Monday, July 31, 2017

In The Great Gatsby, what does the "foul dust" that "floated in the wake of [Gatsby's] dreams" mean?

This line refers to the ending of The Great Gatsby and how deeply it affected Nick Carraway. In chapter 9 Nick explains why he moved away after the funeral by saying, "After Gatsby’s death the East was haunted for me like that, distorted beyond my eyes’ power of correction." At the end of the book Nick is no longer able to separate Long Island from his memories of the distasteful people living there. 

No one, except for Nick and Gatsby's father, came to the funeral. All the roaring, exciting parties that Gatsby had thrown, and not a single one of those people who had shown up and indulged in his overflowing hospitality had come to his funeral. Not even Gatsby's business associates and supposedly close friends made an appearance. Only one man showed up to the cemetery, and even he was appalled that no one else had come. 


The fact that no one seemed to care about Gatsby the second he died clearly upsets Nick immensely.
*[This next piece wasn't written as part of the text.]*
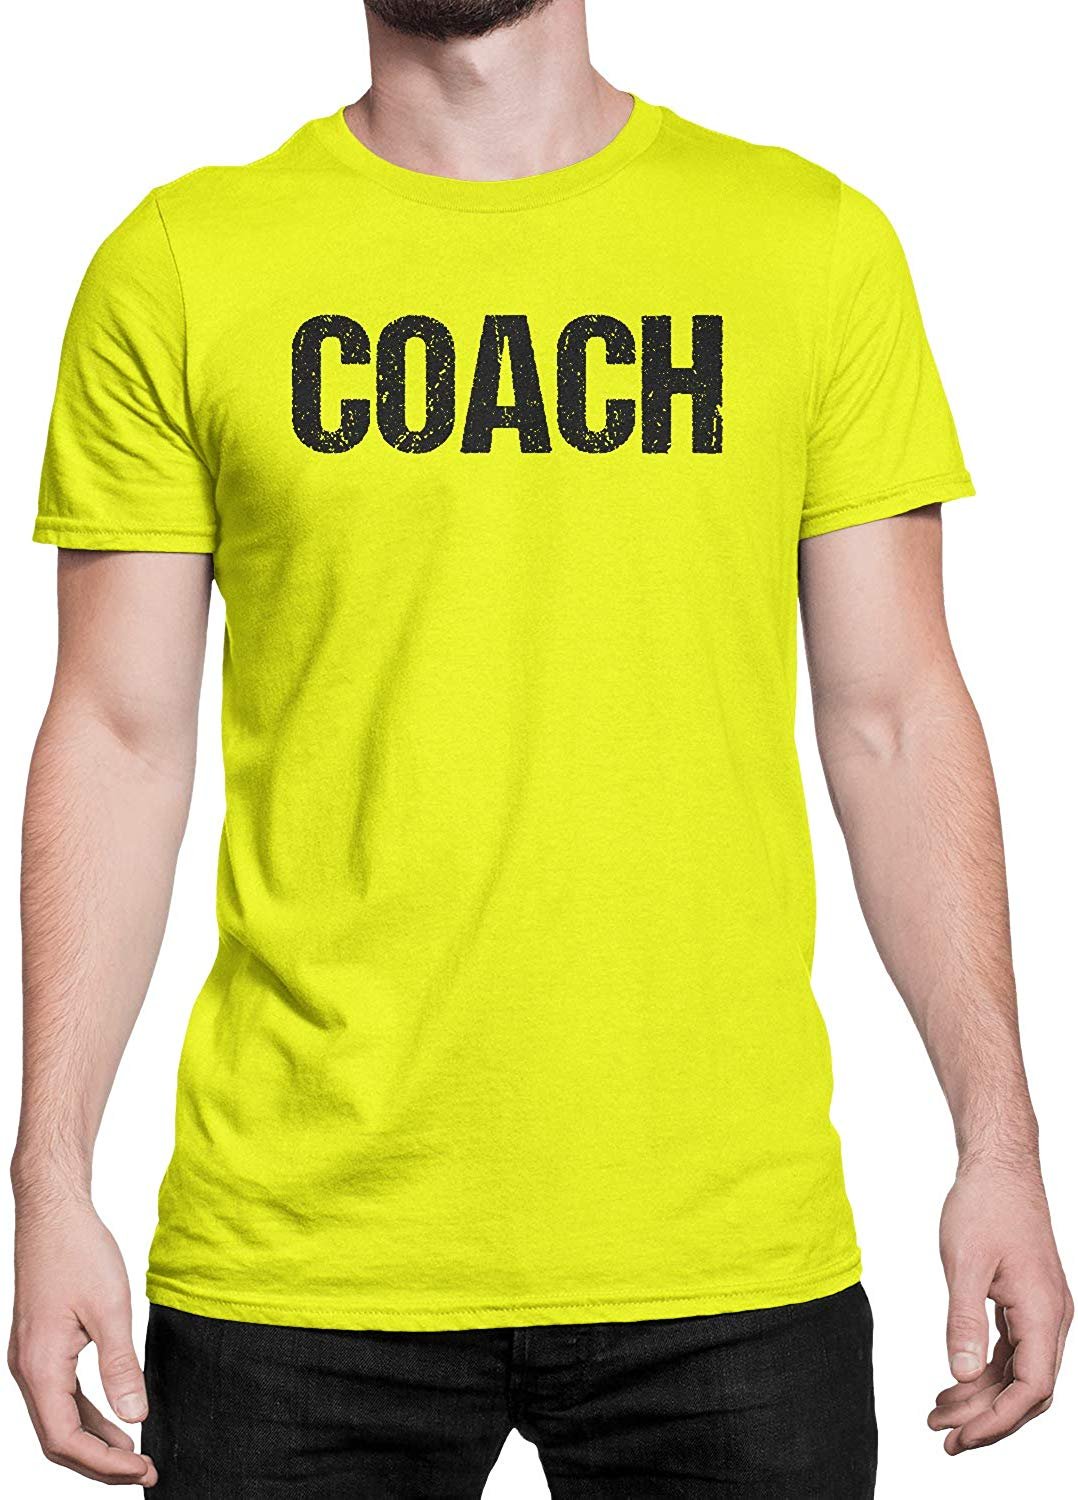 Coach T-Shirt Sports Coaching Tee Shirt (Neon & Black, Distressed)

Nick even mentions that living in his house, so close to Gatsby's abandoned mansion, disturbs him. 



"I spent my Saturday nights in New York because those gleaming, dazzling parties of his were with me so vividly that I could still hear the music and the laughter, faint and incessant, from his garden, and the cars going up and down his drive."



All these things contribute to the "foul dust," no doubt akin to an eternal bad taste in one's mouth, that Nick speaks of in the beginning of the book.
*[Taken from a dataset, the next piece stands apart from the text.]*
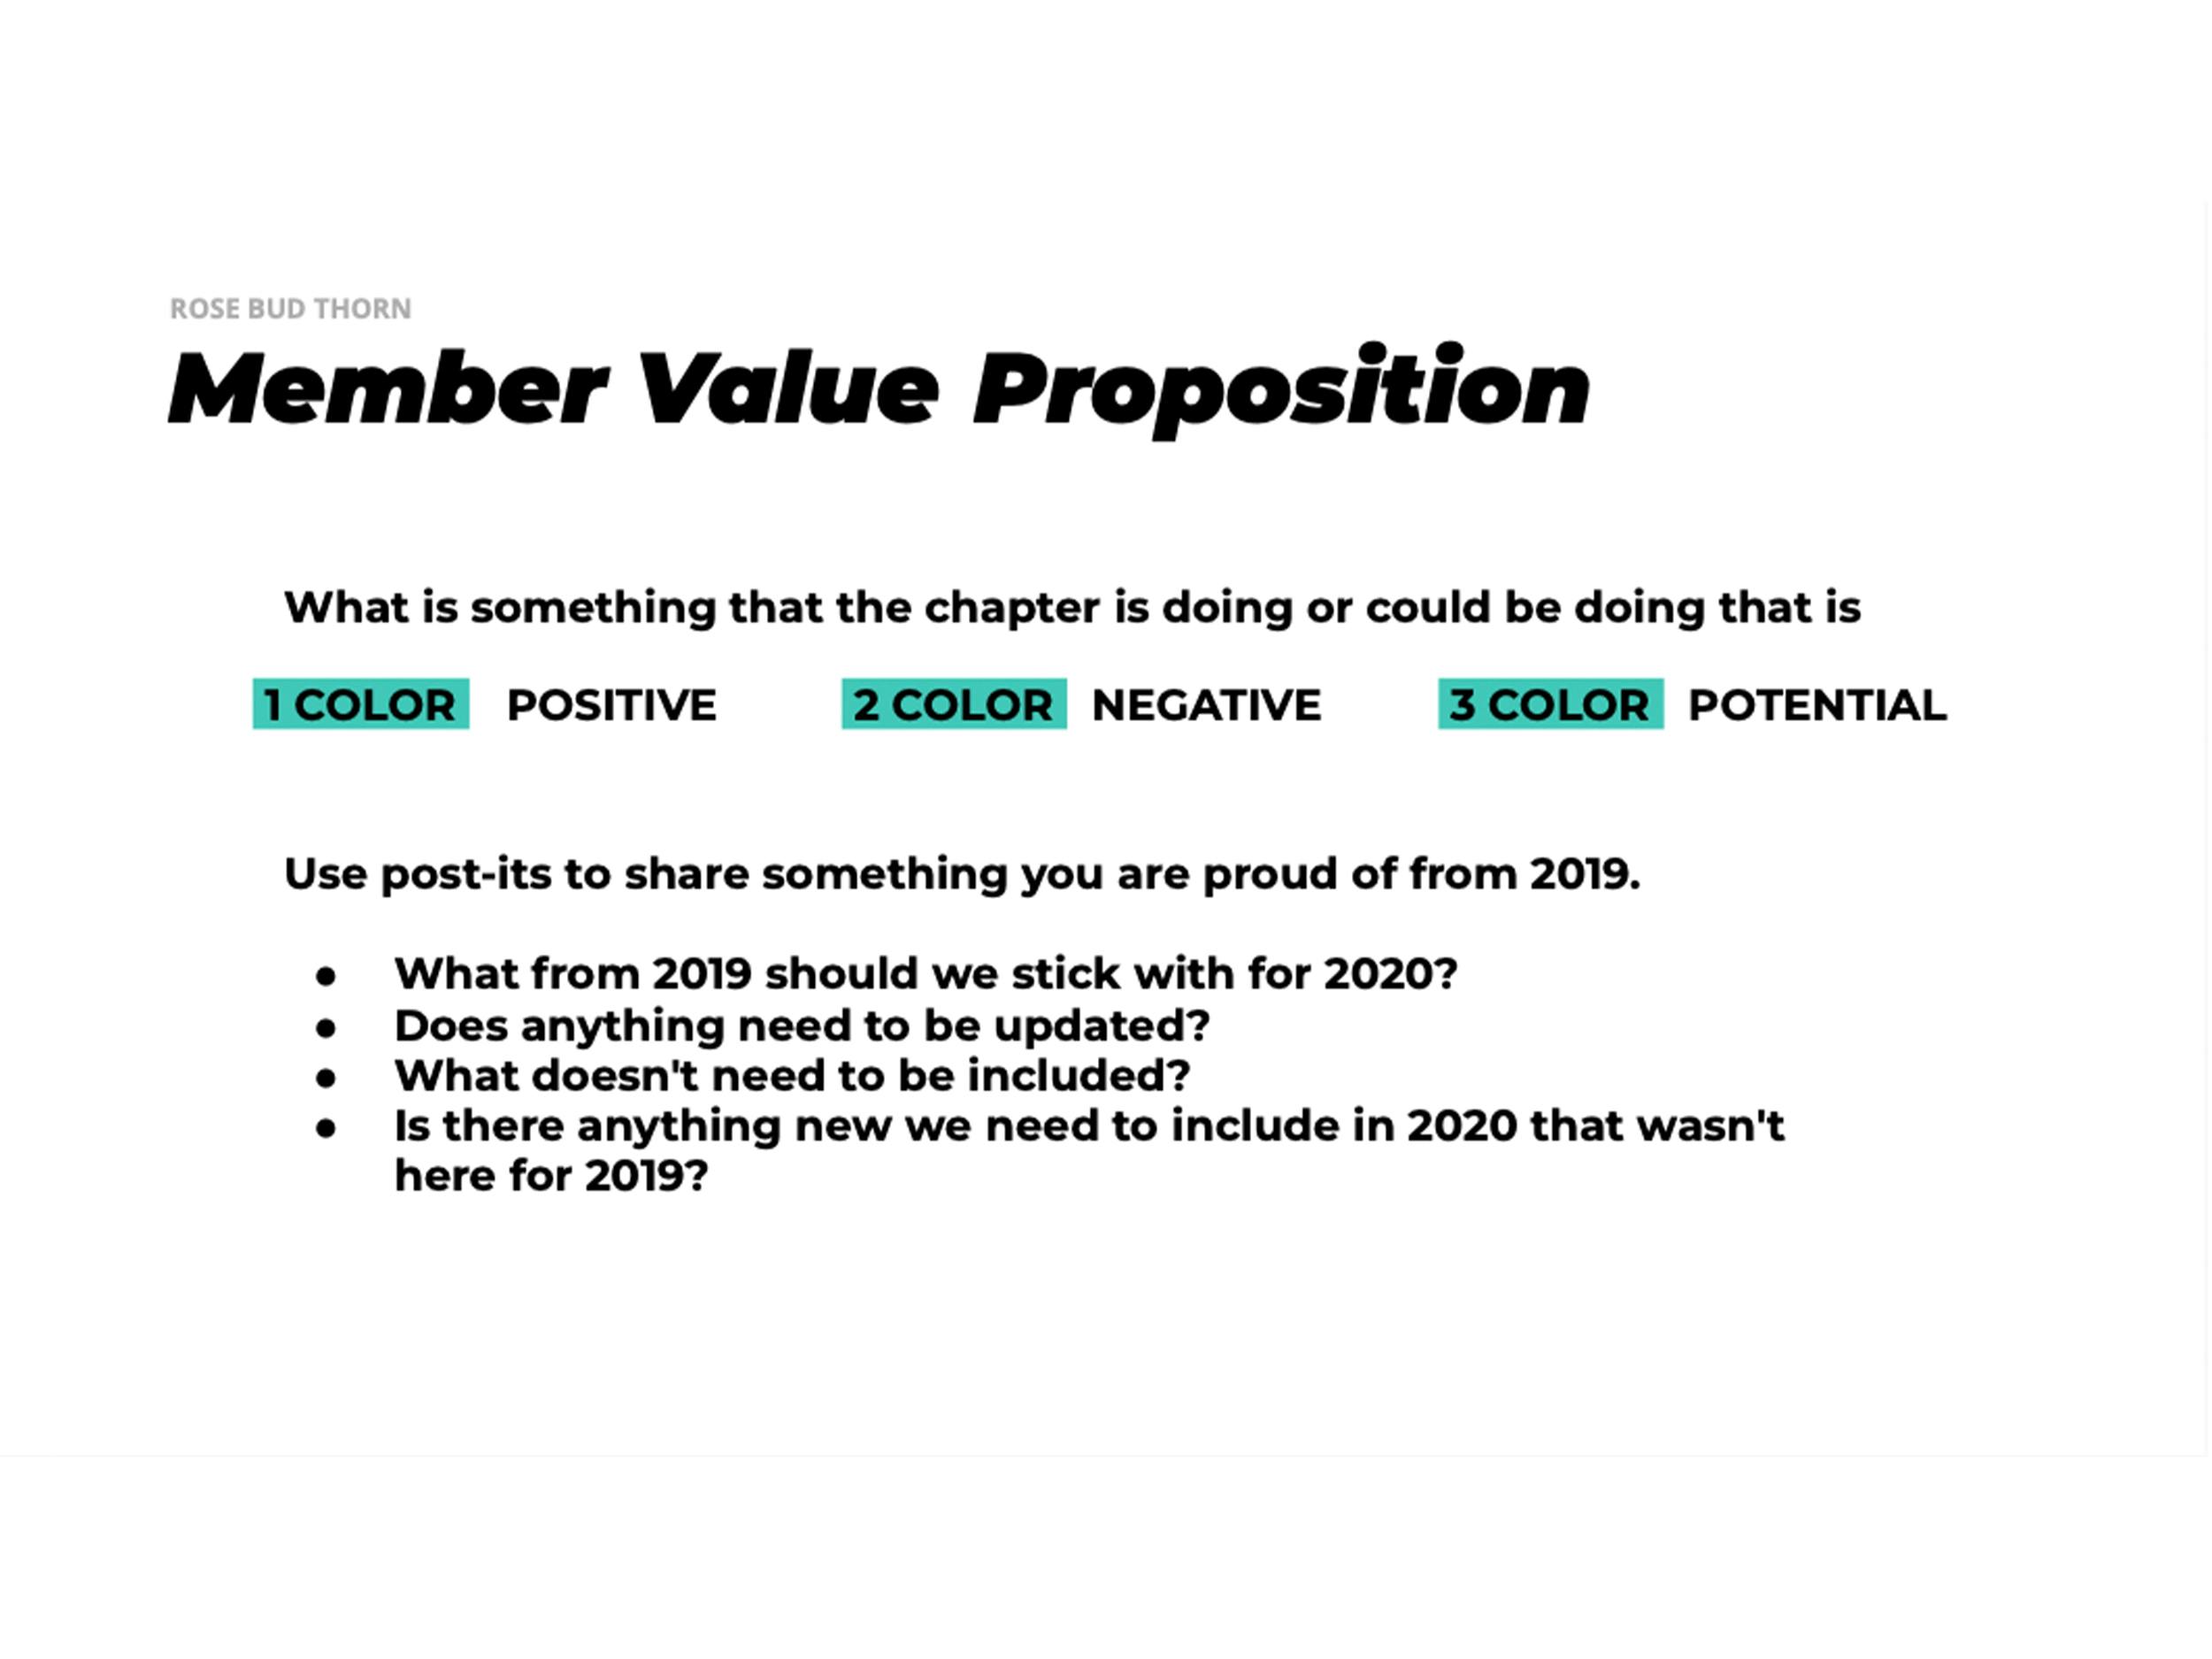 Member value proposition

Perhaps the thing that drives him away from the East the most is the Buchanans. Daisy never once called or wrote, or gave any indication that she even knew Gatsby or cared in the slightest. One day in October some time after the funeral, Nick mentions meeting Tom and he acts extremely cold to him. Tom defends his behavior and denies any culpability for what happened to Gatsby.  After that meeting Nick's opinion of the Buchanans is cemented. 



"They were careless people, Tom and Daisy — they smashed up things and creatures and then retreated back into their money or their vast carelessness, or whatever it was that kept them together, and let other people clean up the mess they had made...."



At the end of the book, Nick is thoroughly disgusted with everyone around him and the magic of East and West Egg had died along with Gatsby. Those lines at the beginning of the book are about Nick's distaste for everything that contributed to or failed to care about Gatsby's death.